Nutritional quality and guidelines

Most of the papers (n = 10) [50,53,5558,65,67,72,74], discussed nutritional quality or guidelines; however, there was inconsistency in the markers of nutritional quality used. Measures included compliance with standards and guidelines, which differed by country for items such as content/ servings of fruit and vegetables, fish, whole grains, high fat meat and dairy, sodium content, energy, protein, fat, vitamins and minerals, fried dishes, red meat content, processed foods, pulses and starches, pastries and cakes, confectionary, desserts and added sugars. Two papers [66,67] specifically noted the difficulty in defining and accurately measuring nutritional quality within the complexity and practical difficulties of school food provision.

Factors influencing the nutritional quality of meals in the different meal provision contract types were addressed in some studies, with in-house providers noted to be affected by a lack of resources, nutritional menu planning expertise and administrative flexibility and private contractors noted to be affected by contractual ambiguity, unsuitable selection processes and management burden [53,71]. However, the results relating to quality outcomes were also inconsistent. Three studies found no significant evidence linking the provision contract type with the markers of nutritional quality tested [50,56,74]. Three studies found that in-house facilities performed better than outsourced catering.

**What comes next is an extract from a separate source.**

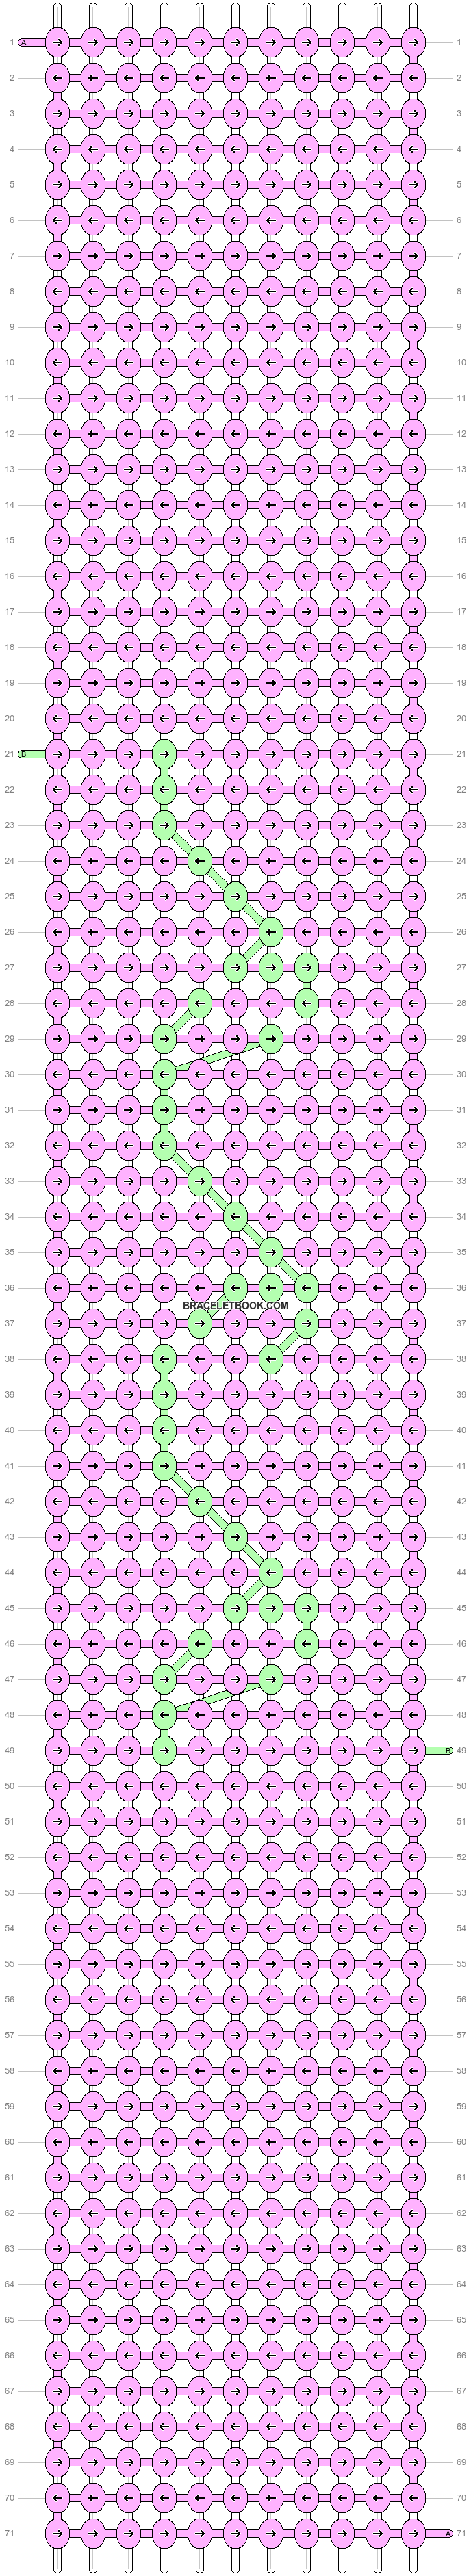 Alpha pattern #38672 variation #44500 pattern

One related to reduced sodium levels through replacing ‘heat and serve’ models with scratch cooking [65]. Two found that outsourced caterers had higher levels of operating, contract management, and overhead costs and an overall focus on reduced costs which led to including less of the expensive foods such as fruit and vegetables [53,72].

Included reports indicated that the quality of food from outsourced catering was impacted through offering cheaper, more palatable, but less healthy alternatives in competition with the more expensive healthy options to influence consumption patterns prioritising profit over health [23]. Conversely, one study found that when considering the four most important nutritional quality criteria, as defined in national guidelines and relating to fruit vegetable and meat content, outsourced canteens performed better [53] which could indicate a more commercial ability to prioritise contractual compliance. Moreover, Italian schools, which mainly outsourced their provision, were more likely to serve nutritionally calculated meals and recommend healthier choices than Finnish schools which had lower levels of outsourcing [51].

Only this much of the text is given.